En PNG, près de 40 pour cent de la population est en âge d’aller à l’école, mais moins de 15 pour cent des habitants sont inscrits dans une école secondaire et seul un tiers des écoliers sont des filles, a noté un rapport rédigé par la Banque asiatique de développement. Le faible taux de scolarité complique la sensibilisation au VIH et accroît sensiblement la vulnérabilité des filles.



Des partenaires sexuels multiples



En règle générale, les épidémies de VIH se concentrent tout d’abord chez les professionnels du sexe et leurs clients, avant de se répandre au sein de la population.
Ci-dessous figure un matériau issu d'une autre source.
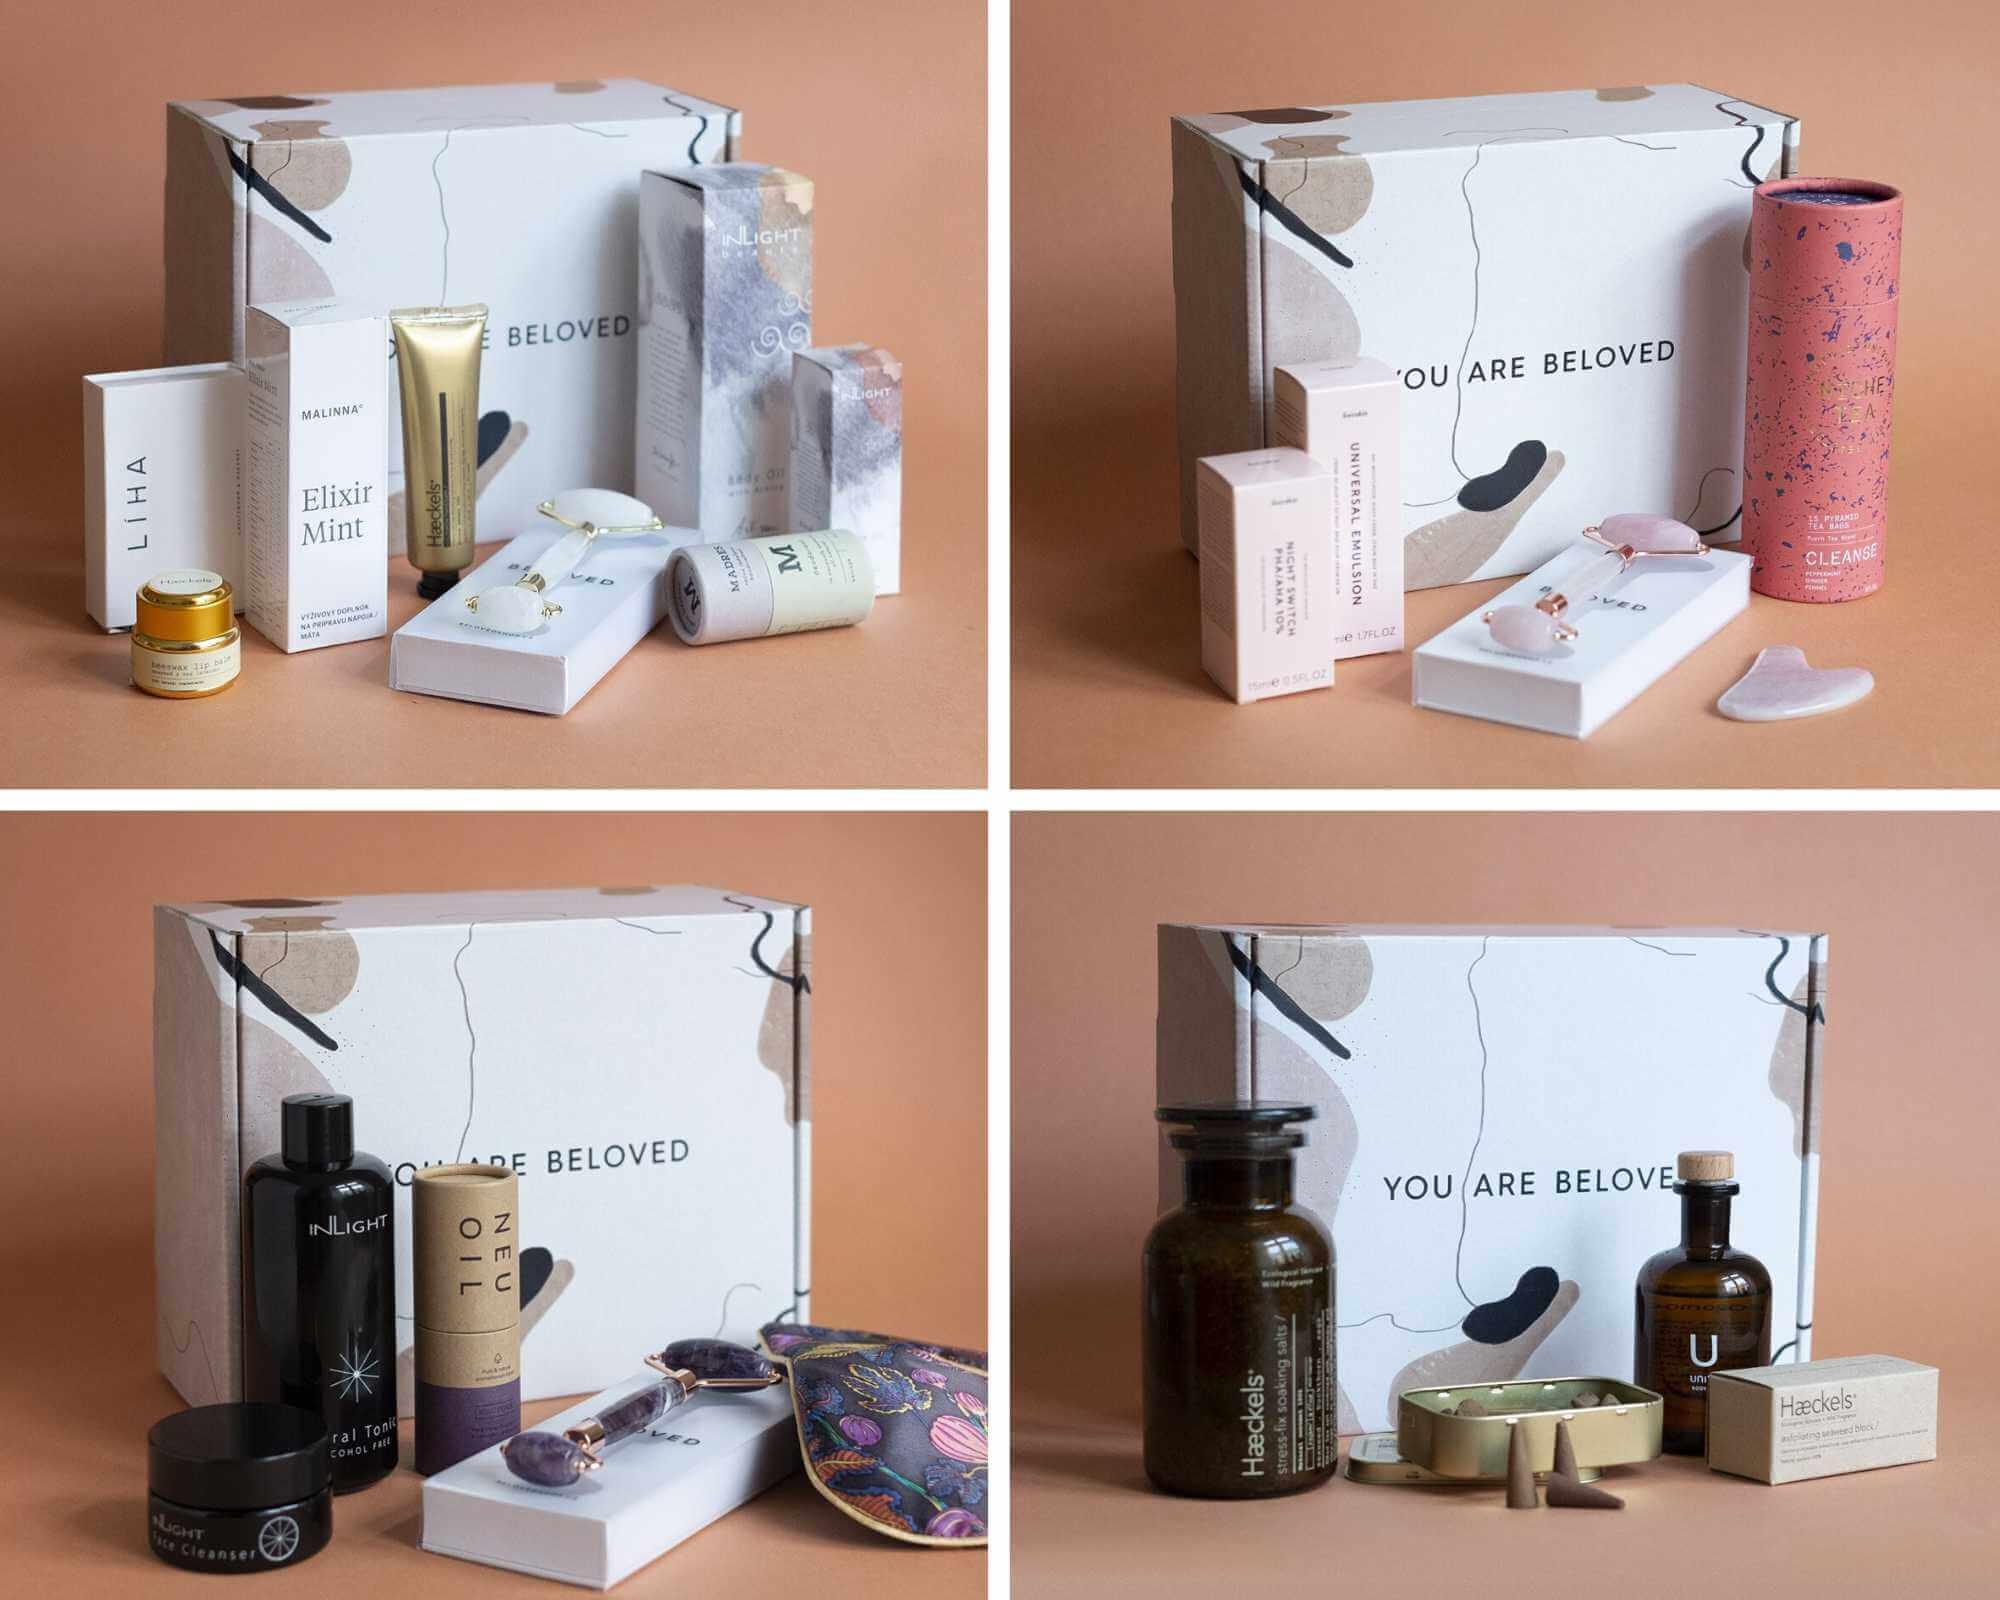 Imballaggi Beloved Shop x Packhelp su sfondo pastello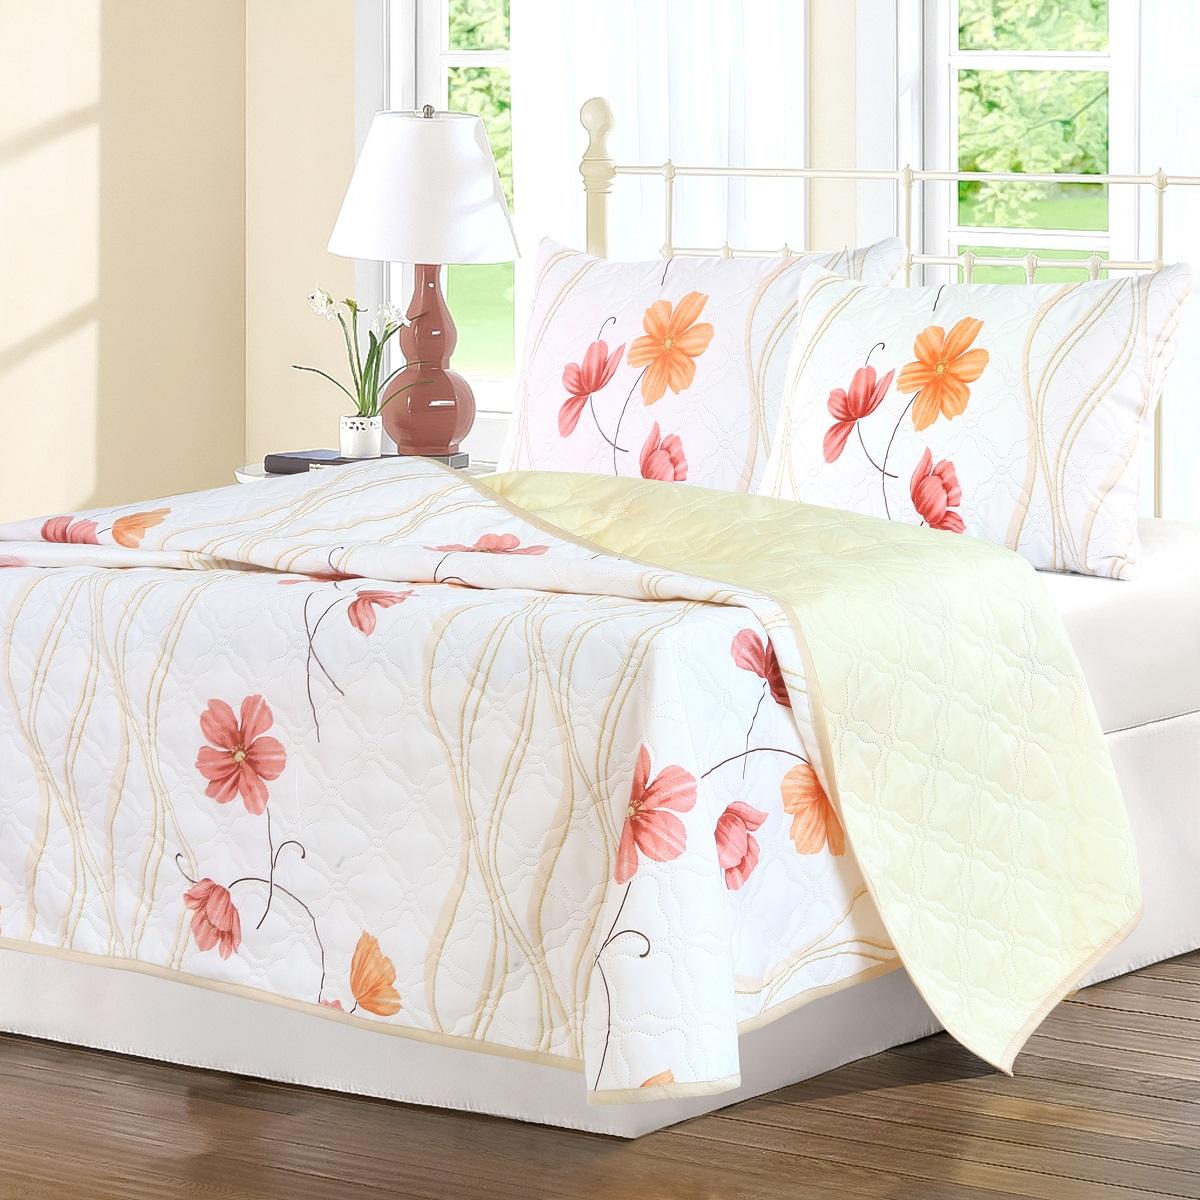 Покрывало Modalin Покрывало Zana (220х240 см) modalin modalin полотенце petek цвет розовый 70х140 см

Cependant, compte tenu de la prévalence du sexe à des fins commerciales ou transactionnelles et du nombre de partenaires sexuels multiples en PNG, la population a été beaucoup plus rapidement exposée aux risques du VIH », a souligné un rapport de l’UNICEF.



Les résultats d’une étude menée sur l’exploitation sexuelle des enfants en PNG s’accompagnent du témoignage d’une jeune fille suivant : « Nous devons survivre. Les garçons deviennent des petits truands et les filles doivent vendre leur corps. Tout le monde le sait. C’est pourquoi personne ne dénonce la situation et accepte l’argent, la nourriture et les autres choses que nous rapportons chez nous. »



Les statistiques VIH rendent compte d’une forte pratique du sexe entre partenaires de différentes générations. Selon un rapport de l’UNICEF, « deux fois plus de jeunes filles et de femmes âgées entre 15 et 29 ans sont contaminées que les garçons et les hommes du même âge. Cependant, les hommes de plus de 30 ans sont plus nombreux à vivre avec le virus que les femmes de la même tranche d’âge. »



La propagation de la violence sexuelle est un autre facteur accentuant la vulnérabilité des jeunes filles et des femmes. D’après les chiffres avancés par l’Organisation mondiale de la Santé (OMS), près que la moitié des victimes de viol en PNG ont moins de 15 ans, et 13 pour cent d’entre elles ont moins de sept ans.



La pauvreté et la violence profondément enracinées auxquelles sont exposés les jeunes de PNG semblent entraver les progrès accomplis dans la prévention du VIH. Toutefois, Colis Gamoga et son collègue Idau Ghou pensent qu’ils font bouger les choses, tous les jours, en prêtant oreille à une autre personne au bout du fil et ou en persuadant un client de consulter un médecin ou de subir un examen de contrôle.



« De nombreuses personnes nous envoient des SMS ou nous rappellent afin de nous remercier pour ce que nous avons fait. Ces personnes ont suivi un traitement médical et se portent bien maintenant », a confié Colis Gamoga.